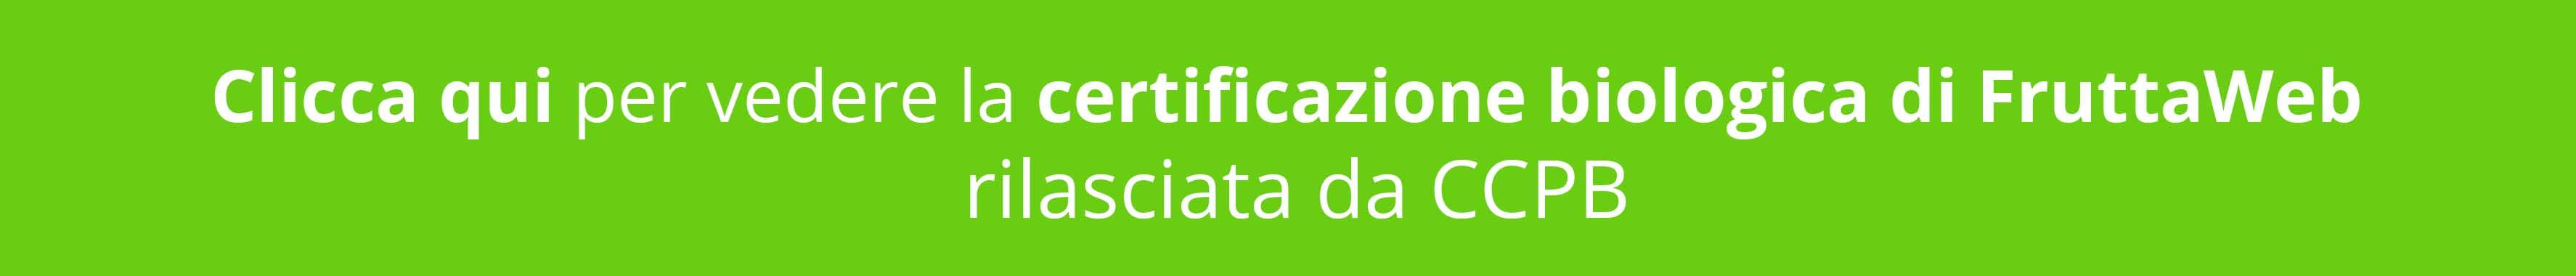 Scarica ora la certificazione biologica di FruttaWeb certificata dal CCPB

--

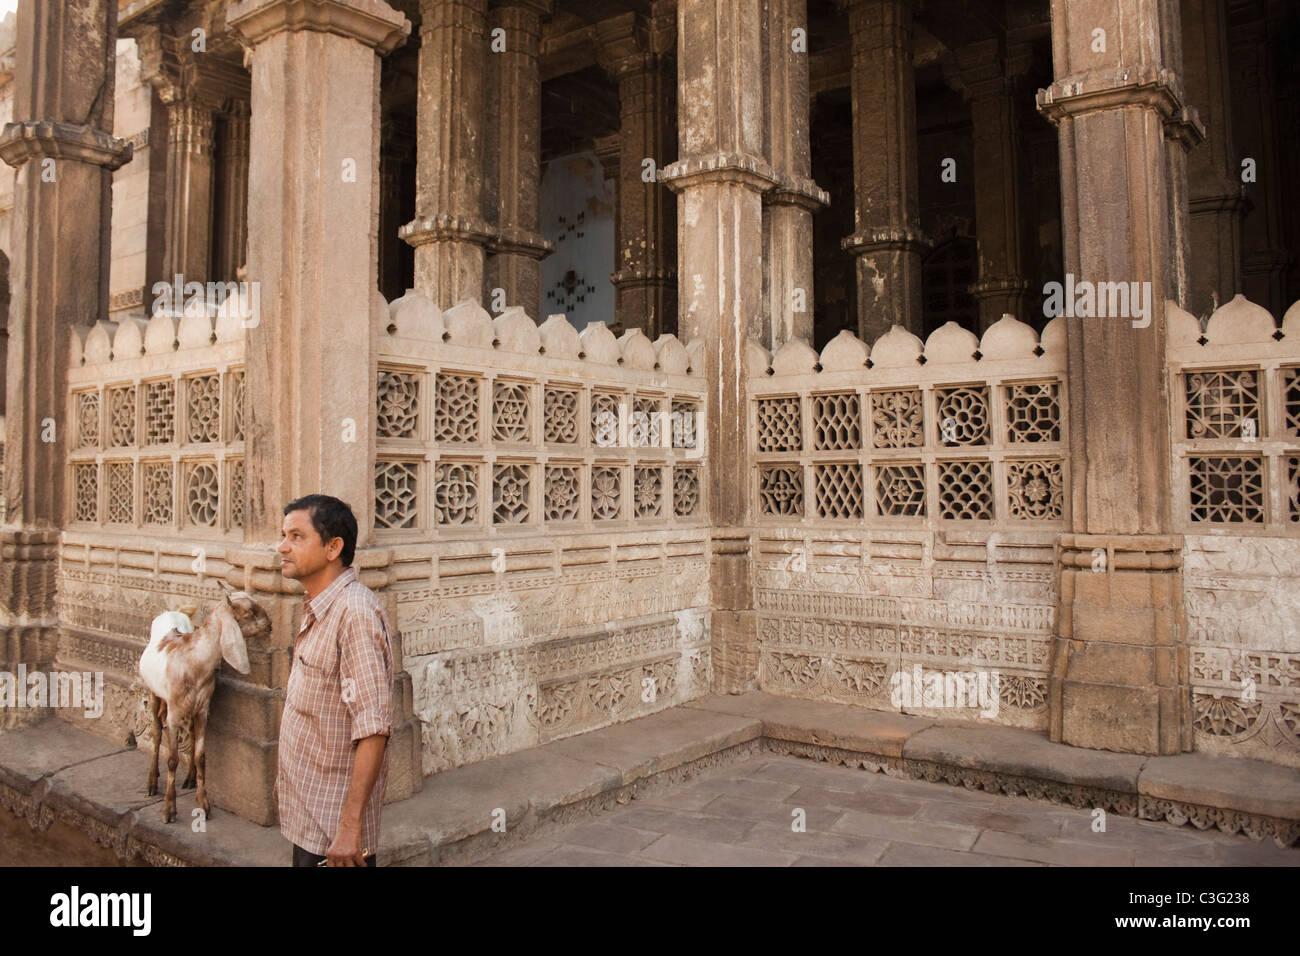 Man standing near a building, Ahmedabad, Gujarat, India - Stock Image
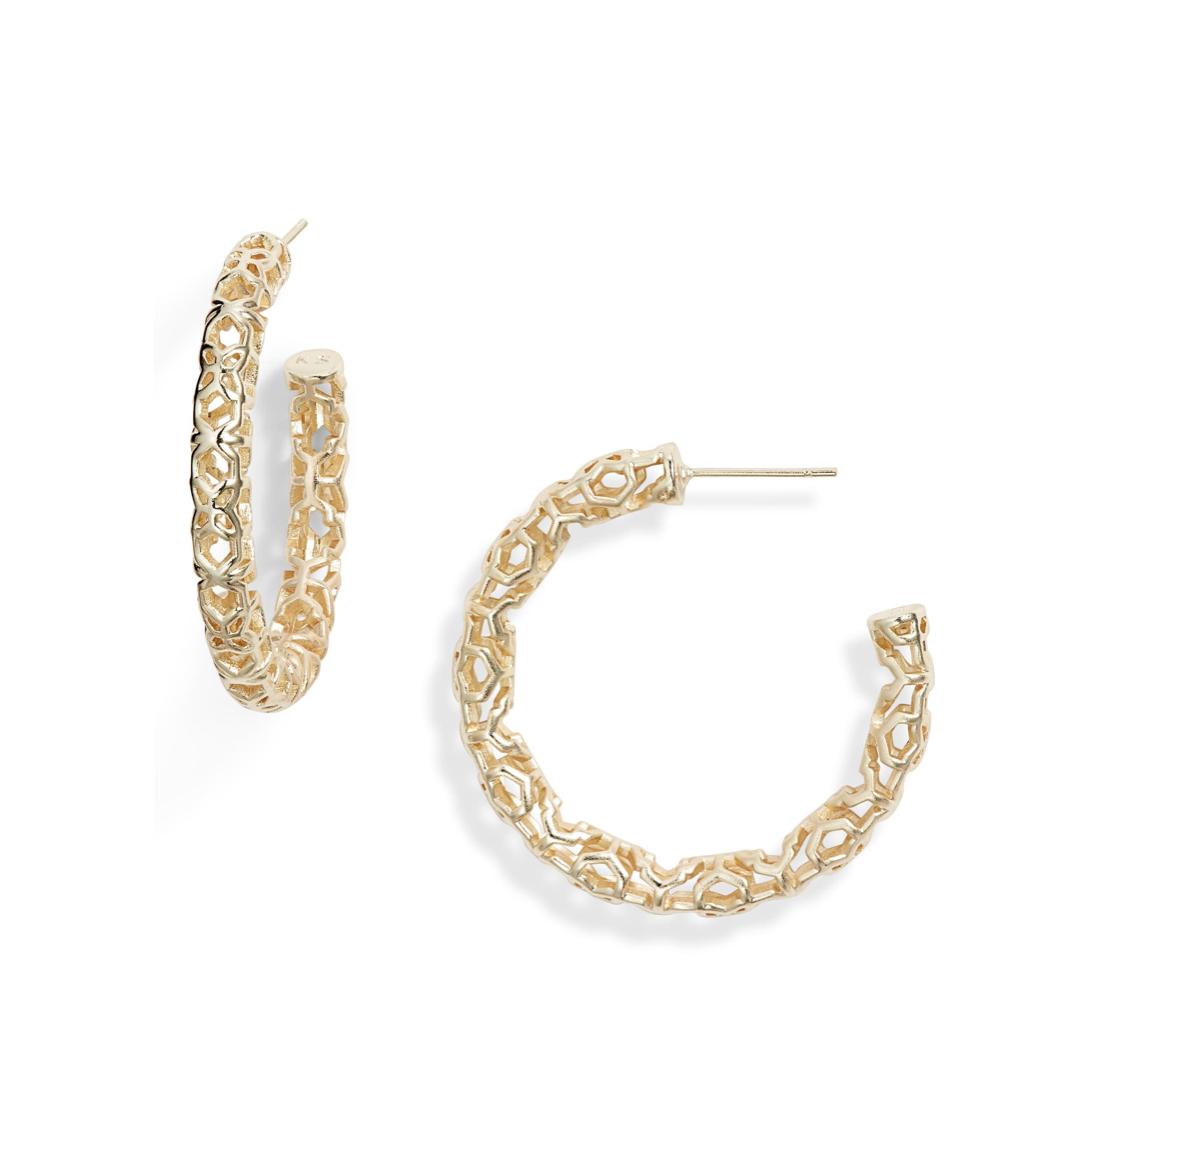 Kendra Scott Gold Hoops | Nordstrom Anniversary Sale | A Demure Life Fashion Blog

--

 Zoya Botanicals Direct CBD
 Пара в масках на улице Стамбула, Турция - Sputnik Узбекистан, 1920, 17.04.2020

**ABOUT THIS EXERCISE:** Going back to the data above, write out everything from the line with "Man standing near" down to the line with "Kendra Scott Gold", both included, leaving every picture out.

**EXERCISE RESPONSE:**
 Man standing near a building, Ahmedabad, Gujarat, India - Stock Image
 Kendra Scott Gold Hoops | Nordstrom Anniversary Sale | A Demure Life Fashion Blog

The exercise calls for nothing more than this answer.